Australia & New Zealand Liver Transplant Registry

The liver is the master organ for creating optimal nutrition for all the 50 trillion cells in your body. The liver is the body's largest organ, weighing between 1 and 2 kilograms in most adults. It uses 12 - 20%25 of the body's total energy, and it must generate this energy to it's own cells. The liver routinely performs over 500 known functions to regulate your cell's metabolism. It is the alchemical wizard of the body, transforming toxins into harmless chemicals for excretion, and digestively absorbed nutrients into the proper biochemical forms your cells can use to function. Yet the liver is probably the organ most assaulted by our toxic modern lifestyles, which is full of pollution, drugs, stress, fast foods, etc. Most people will never suffer from hepatitis, cirrhosis, or jaundice, the classic liver diseases. The modern lifestyle may however promote subclinical liver dysfunction. No matter how good your diet and digestion, if your liver does not perform its many jobs properly, your cells can still be manifestly malnourished.
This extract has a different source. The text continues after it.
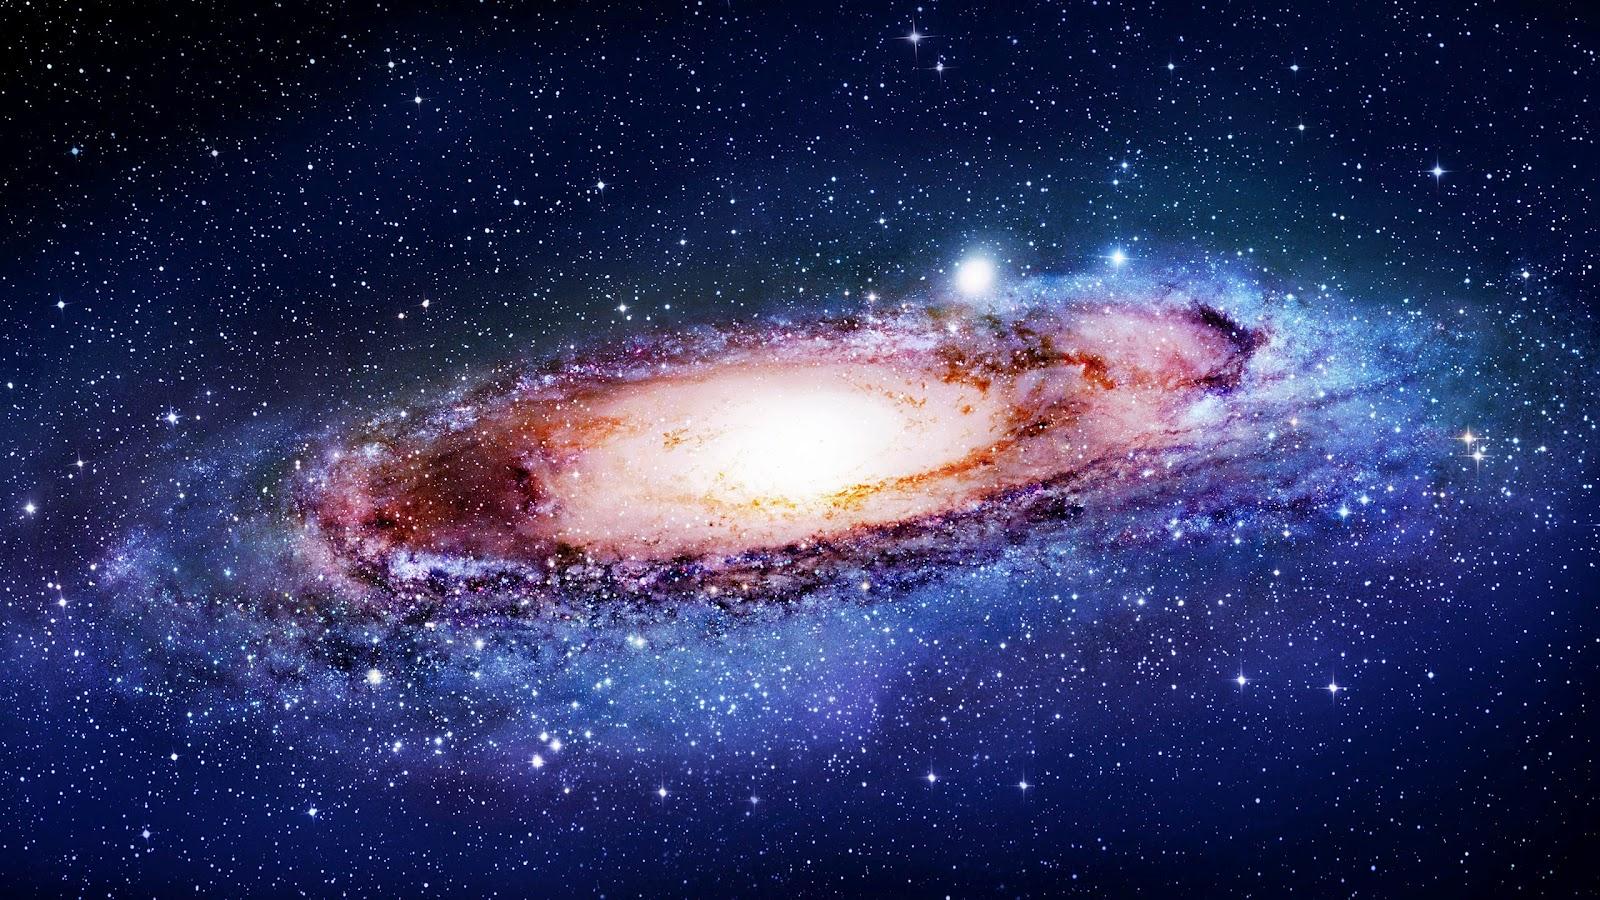 Galaxy Computer Wallpaper Download Andromeda Galaxy 1600x900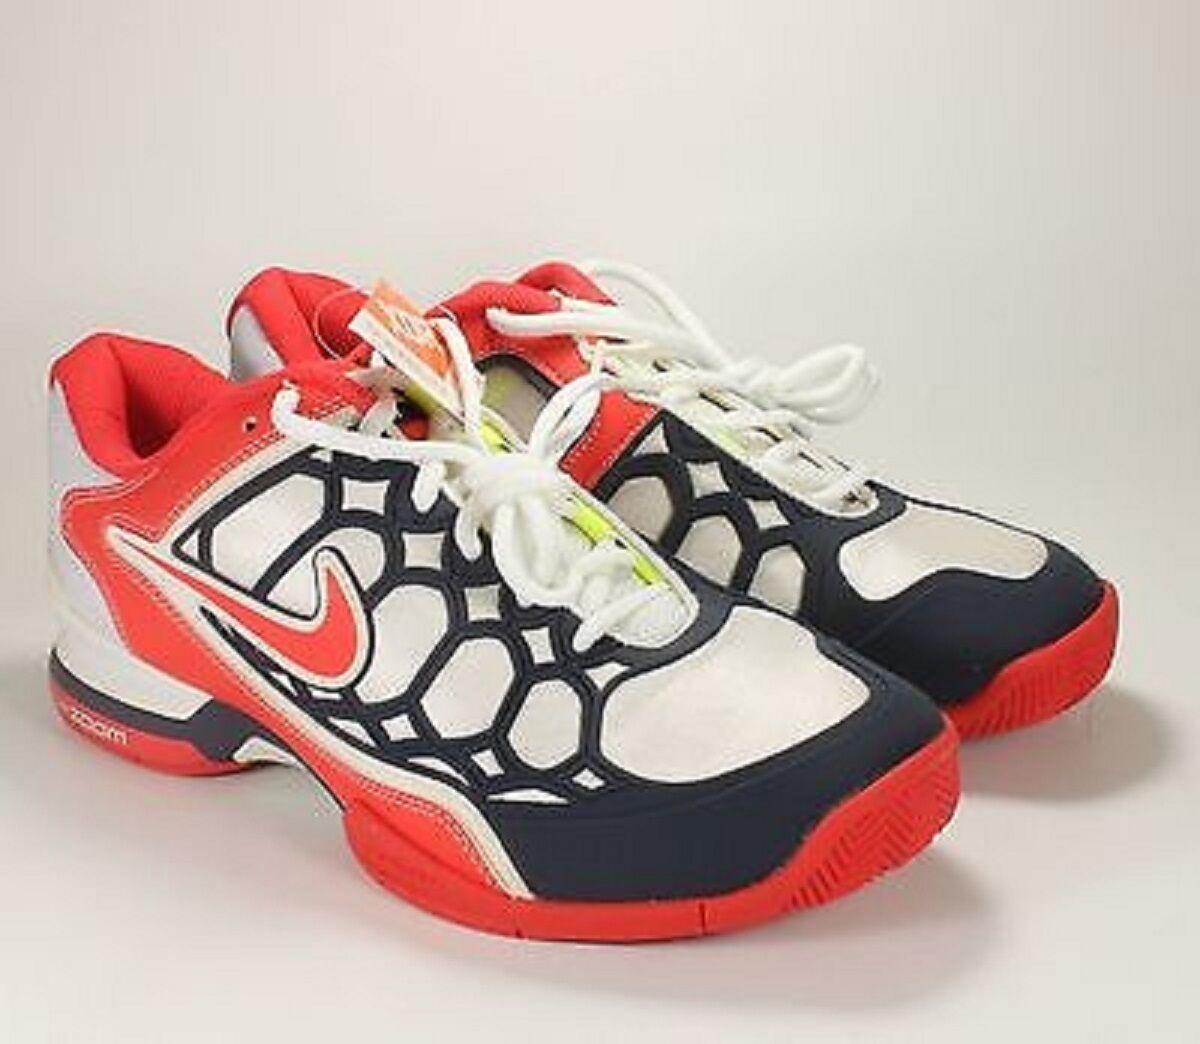 new product 80b5b e6262 NEW donna NIKE NIKE NIKE ZOOM BREATHE 2K (bianca SUNBURST blu) TENNIS scarpe.  518294-164 ee280c

Optimal nutrition is a function of how well the liver bio-transforms incoming food nutrients into forms that the bloodstream can transport to all the body's cells so they can perform their metabolic functions.


Key Liver Functions


1.The liver converts the thyroid hormone thyroxin (T4) into its more active form tri-iodothyronine (T3). Thyroid hormones act as the body's thermostat, regulating the rate at which virtually all biochemical reactions occur in the body. Inadequate conversion of T4 to T3 by the liver may lead energy-depleting hypothyroidism, leading to chronic fatigue, weight gain, poor memory and a host of other problems.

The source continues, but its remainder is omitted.